I've made a nice big dehydrator, and I'm gonna make my own Jerky and Pemican for paleo backpacking use. I know the recommendation is to use/dry only the lean parts, as the fat spoils (but the rendered oil/tallow added back doesn't) I figure I can trim the fat, dry the lean, render the fat in my crock pot, then pound it back together.
But, at my butcher, there are ready sliced pieces of beef with tasty fat marbling, that would make it easy to just throw in the dryer. Also, that fat sure would be tasty and full of energy on the trail.
My question is, could I dry those fat marbled slices and take them on a short trip? How long would they last? A few days? A week? Id sure like to have that easy, high calorie option for 5-7 day climbs.
Using brisket sliced against the grain has worked well for me; I season with only sea salt. It's quite easy to cut this using a sharp knife; the first time I Mage jerky I asked the butcher to slice it for me and he was more than willing, so don't be afraid to ask for a different cut of meat.
I trim the fat- I think it tastes delicious, but my boyfriend hates the flavor of fat in his jerky.
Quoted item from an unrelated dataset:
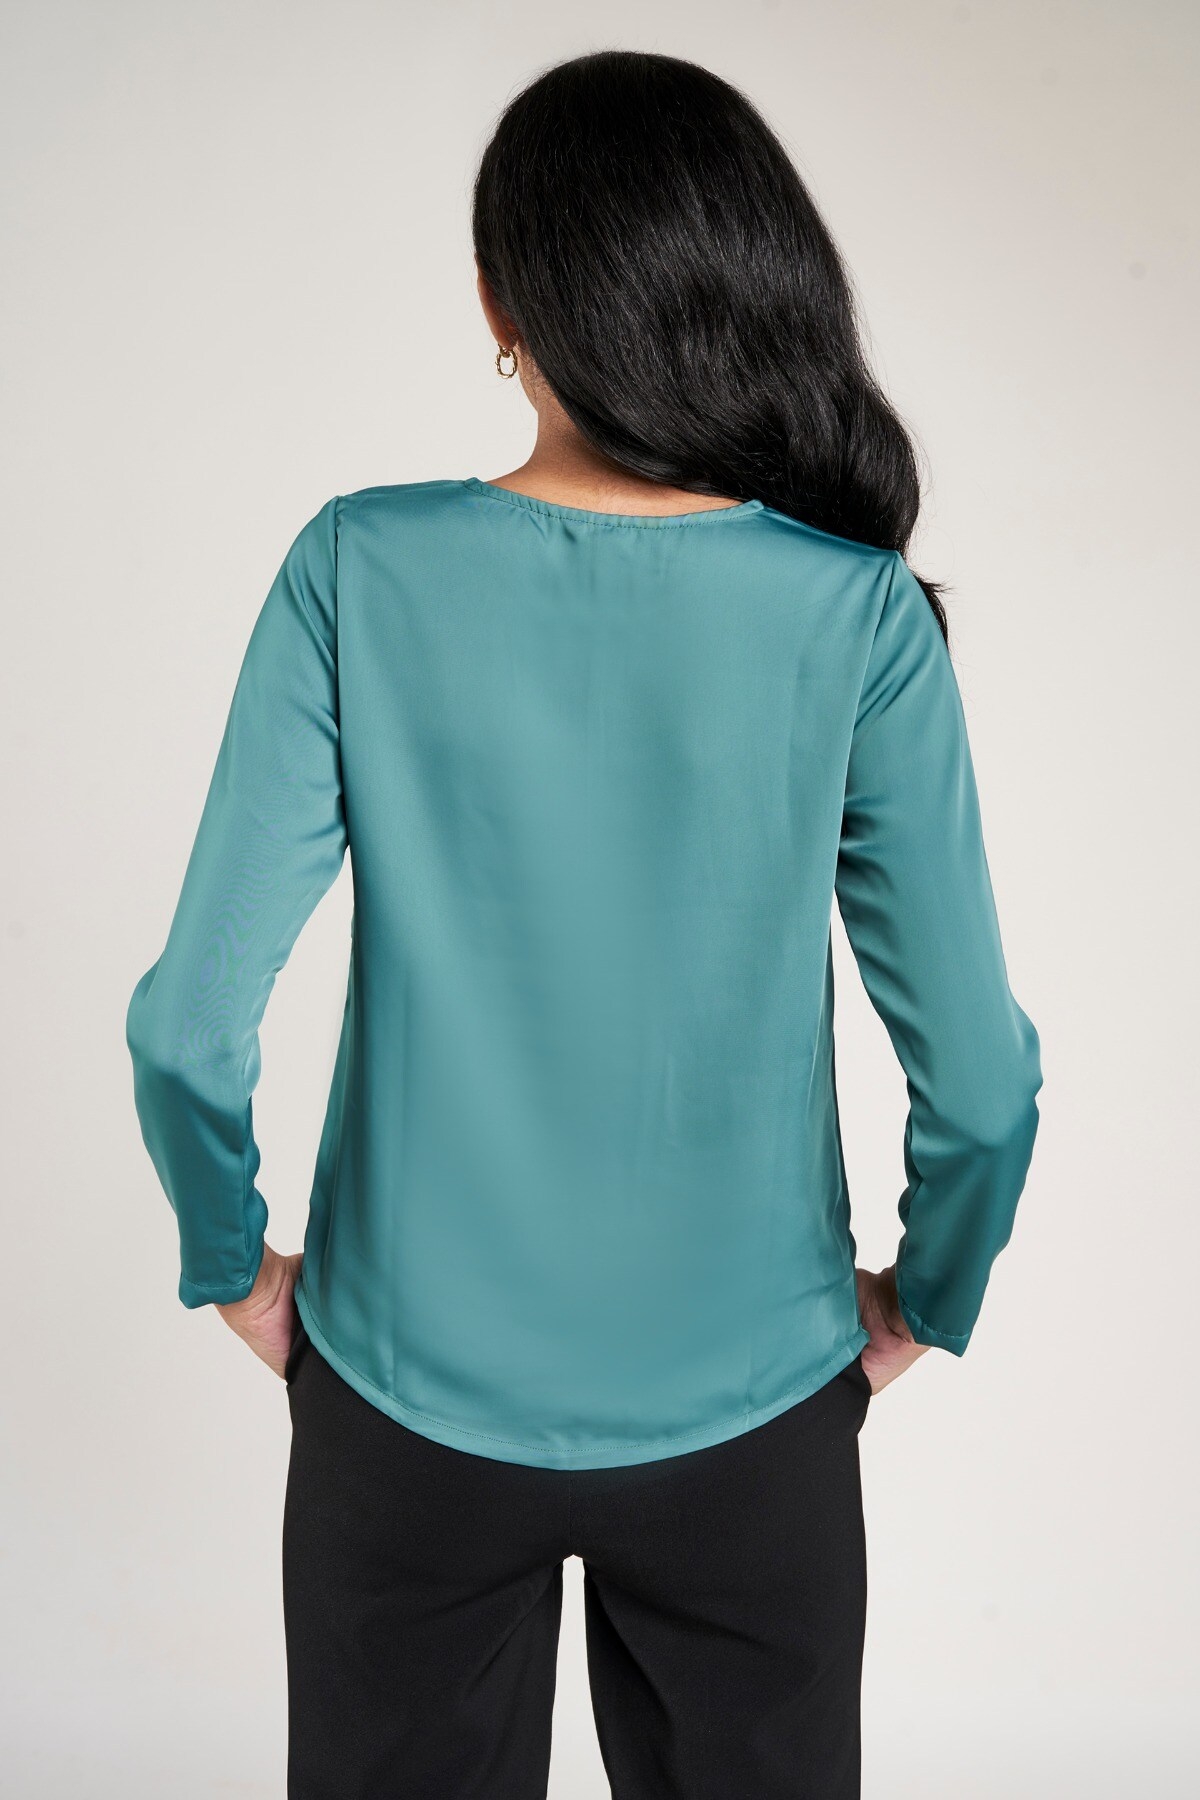 AND | AND TEAL TOP 0

I keep my jerky in the fridge most of the time. If You're concerned about rancidity, I would remove the visible pieces of fat and marinate in a bit of apple cider vinegar with some spices and salt for 8-12 hours before dehydrating.
I've also made salmon jerky with just salt that has been great.
As a microbiologist with lots of experience growing dangerous microorganisms in the lab....it's more important that your jerky is either: A) with few seasonings, but completely dry, as in crunchy...to avoid bacterial growth, OR, B) Only partially dry (chewy and moisture collects in the packaging) but then it needs to be cured with salt and nitrates/nitrites, and/or refrigerated and eaten right away.
I make crunchy jerky. That way I don't have to add tons of salt and nitrates. The complete dryness of the meat prevents bacterial and fungal growth. It also helps to dehydrate your jerky at temperatures between 150 and 200 F at some point to ensure all microorganisms are killed.
Like Mike T. said, it doesn't have to be 100% lean, because if you dry the jerky fully, then the fat should render and drip off. If you don't dry the jerky fully, and you don't use any other preservation method (salt, nitrates/nitrites), then expect bacterial and fungal growth, made worse if there is fat (more variety for the microbes to consume).
I have made jerky with a bit of fat left on it (unintentionally) and dried it in an oven on the lowest setting or a bit higher but surely under 200 degreed farenheit . With that said my brother and I finished all that jerkey the same day I made it lol so if it were to go rancid or spoil, We didnt let it. I don't know about buying strips of beef with alot of marbling, and keeping the jerkey for a week. Just buy a lean cut of meat or trim as much fat off as possible and freeze the meat for a bit to make the cutting a bit easier. Hope this helps.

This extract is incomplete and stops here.